- [THE PROBLEM] Go through the listing below and repeat it exactly, omitting each picture.

*** DATA SHOWN Section Begins ***

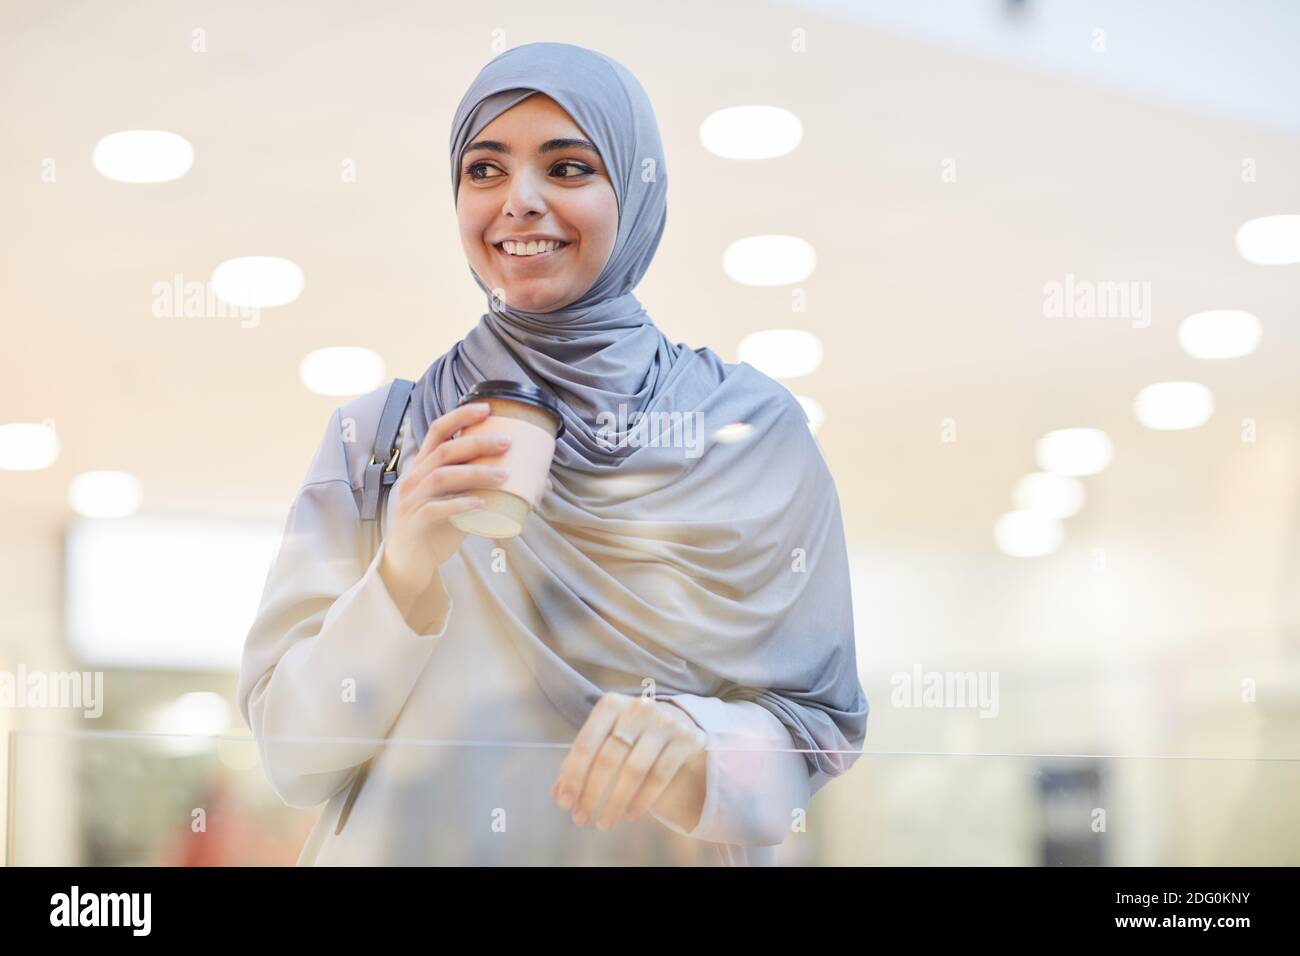 Waist up portrait of young Middle-Eastern woman wearing headscarf and holding coffee cup while enjoying shopping in city, copy space Stock Photo
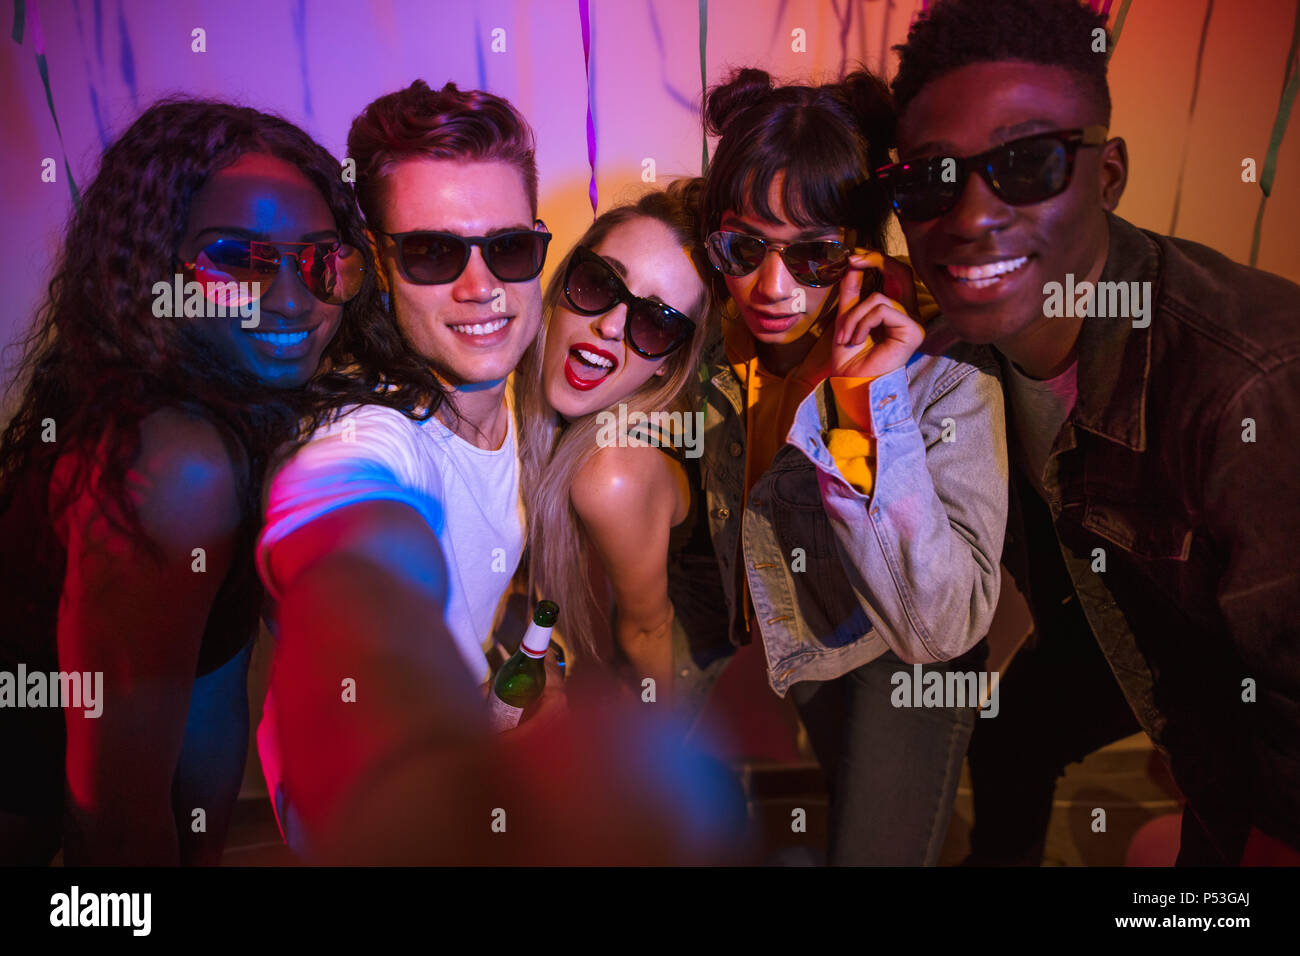 Friends posing for a selfie wearing dark sunglasses at a house party. Young men and women having fun at a colorful house party. Stock Photo
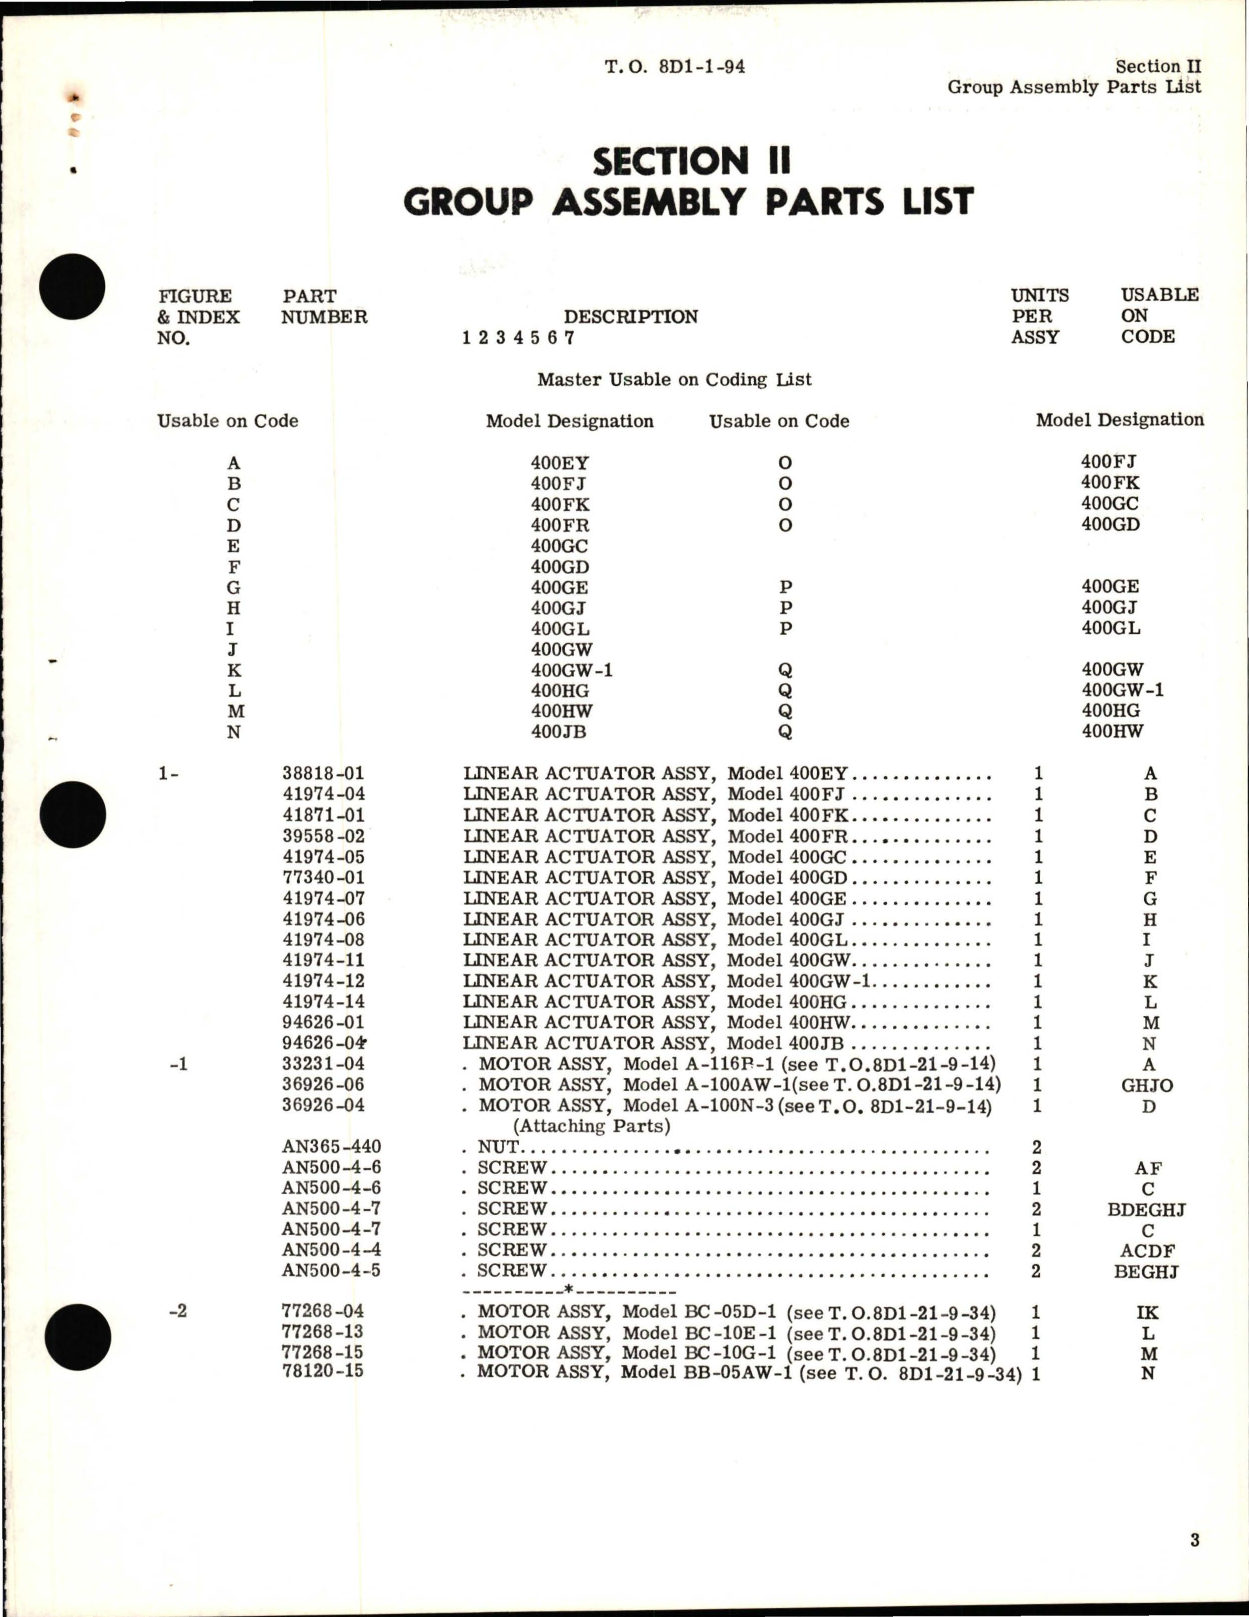 Sample page 7 from AirCorps Library document: Illustrated Parts Breakdown for Linear Actuator Assembly Model 400 Series

*** DATA SHOWN Section Ends ***

- [SOLUTION FOR THIS PROBLEM]
 Waist up portrait of young Middle-Eastern woman wearing headscarf and holding coffee cup while enjoying shopping in city, copy space Stock Photo
 Friends posing for a selfie wearing dark sunglasses at a house party. Young men and women having fun at a colorful house party. Stock Photo
 Sample page 7 from AirCorps Library document: Illustrated Parts Breakdown for Linear Actuator Assembly Model 400 Series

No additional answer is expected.